## Data provided
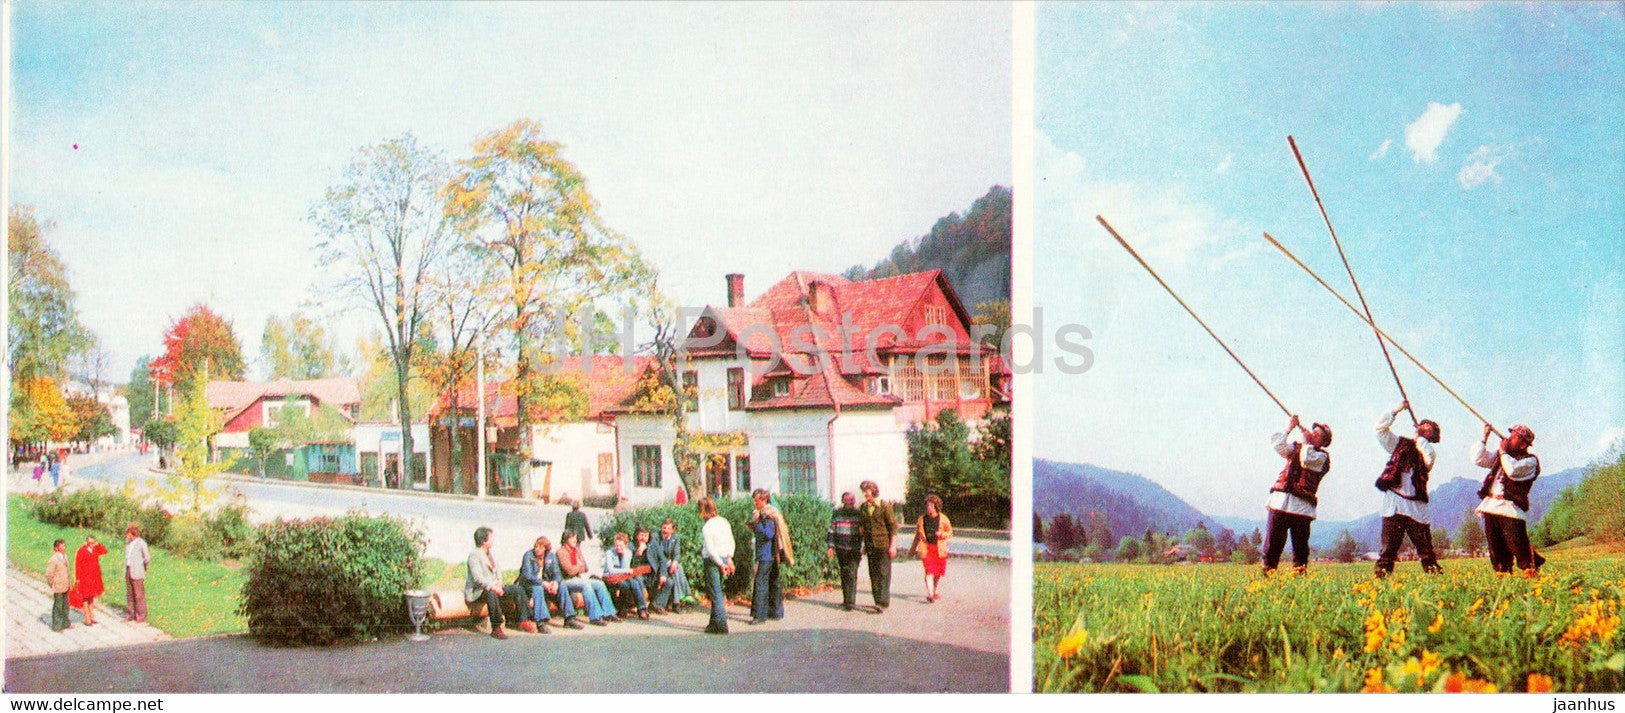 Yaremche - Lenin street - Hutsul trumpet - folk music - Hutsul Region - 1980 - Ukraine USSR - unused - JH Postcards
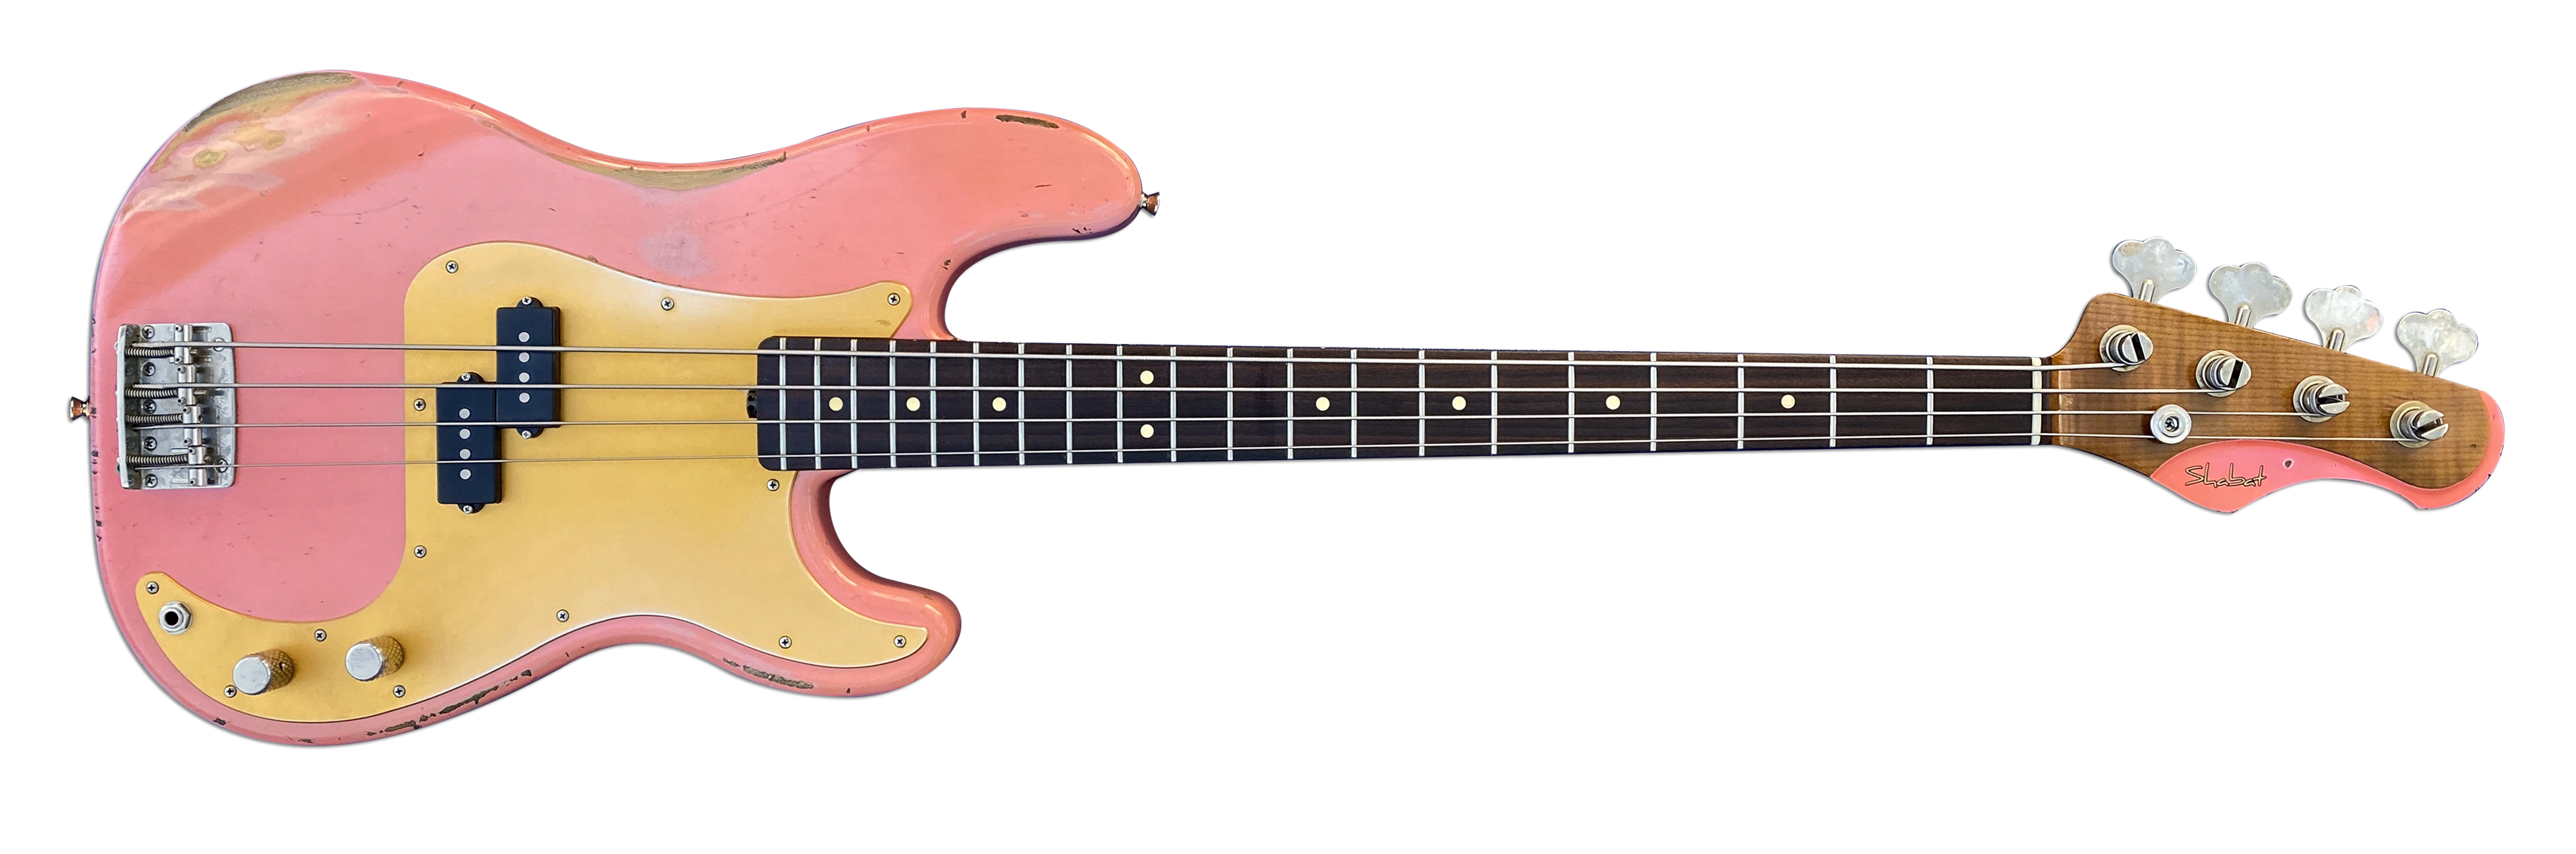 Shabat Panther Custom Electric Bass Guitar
==
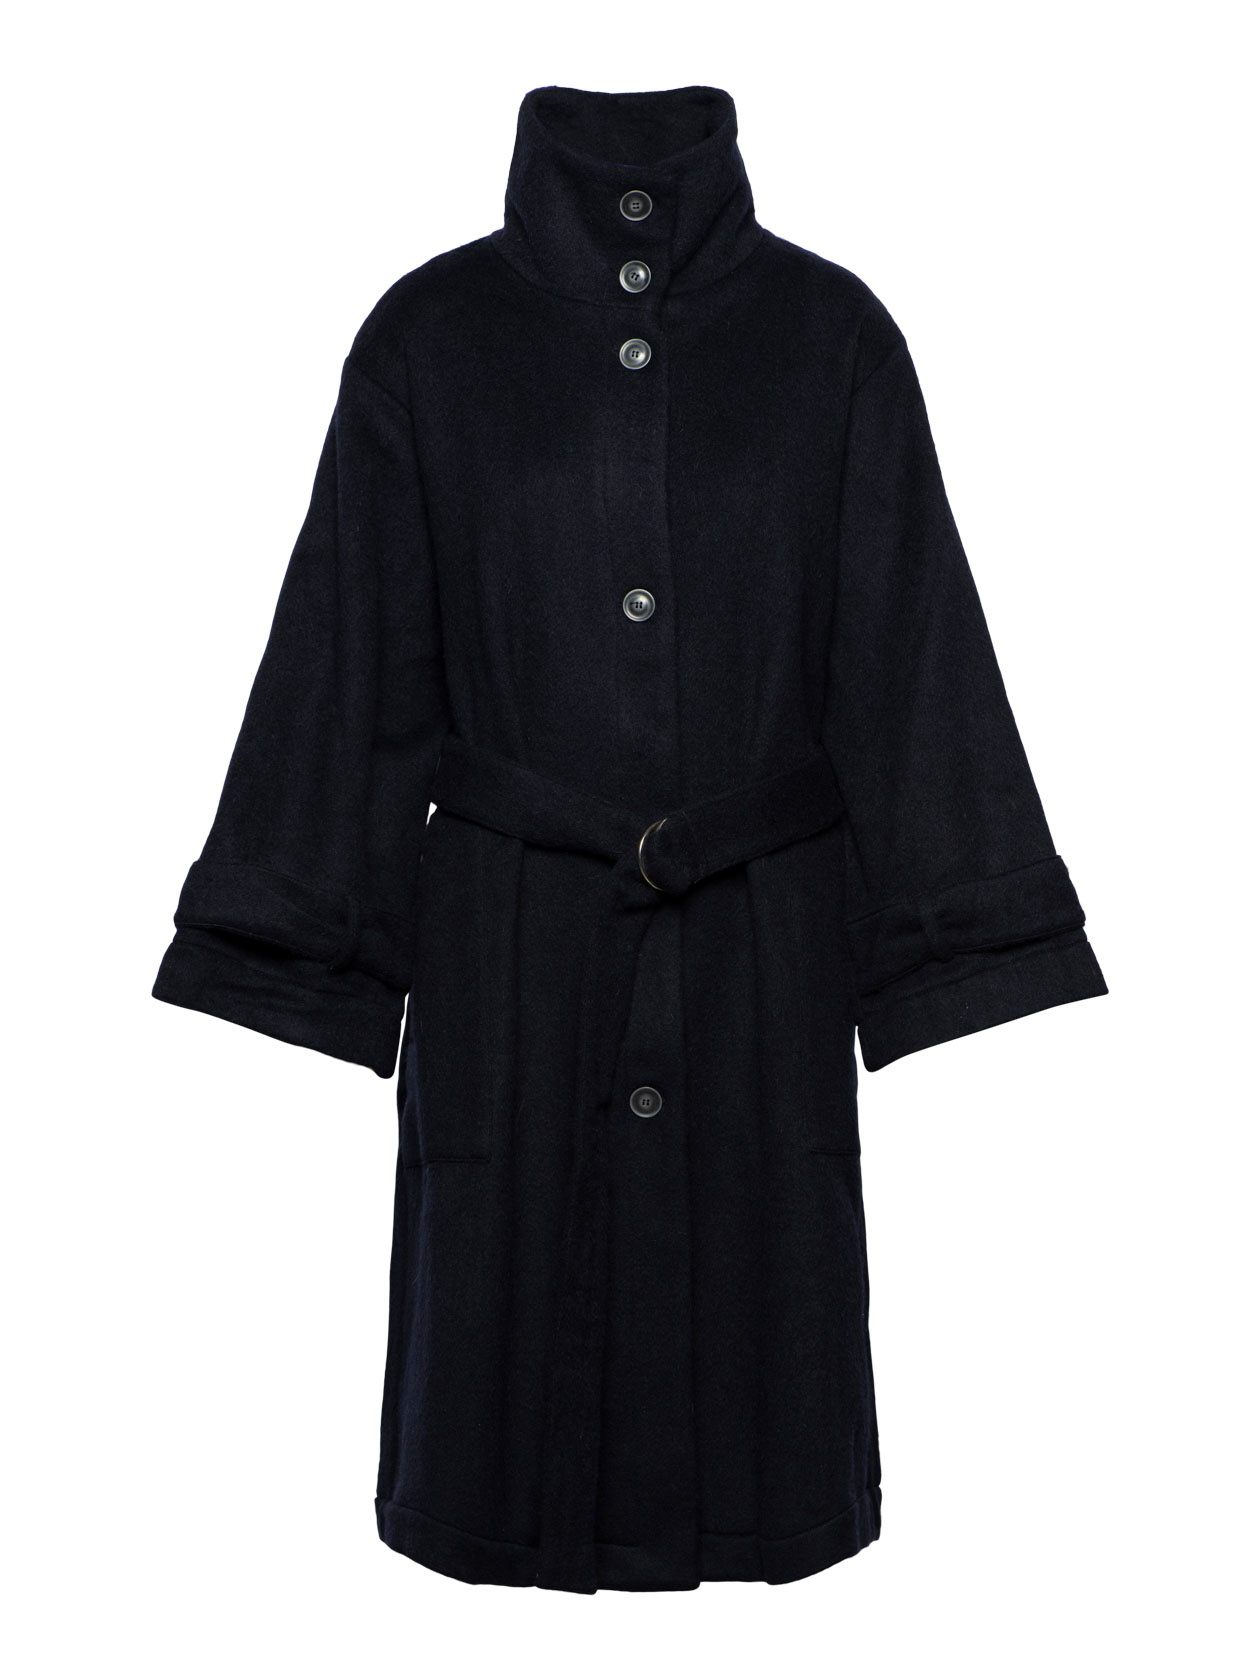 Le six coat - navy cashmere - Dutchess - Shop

## What you should do
Write out word for word the lines above that run from the one with "Yaremche - Lenin" to the one with "Shabat Panther Custom Electric Bass Guitar". Include both end lines; exclude the images.

## Answer for this exercise
 Yaremche - Lenin street - Hutsul trumpet - folk music - Hutsul Region - 1980 - Ukraine USSR - unused - JH Postcards
 Shabat Panther Custom Electric Bass Guitar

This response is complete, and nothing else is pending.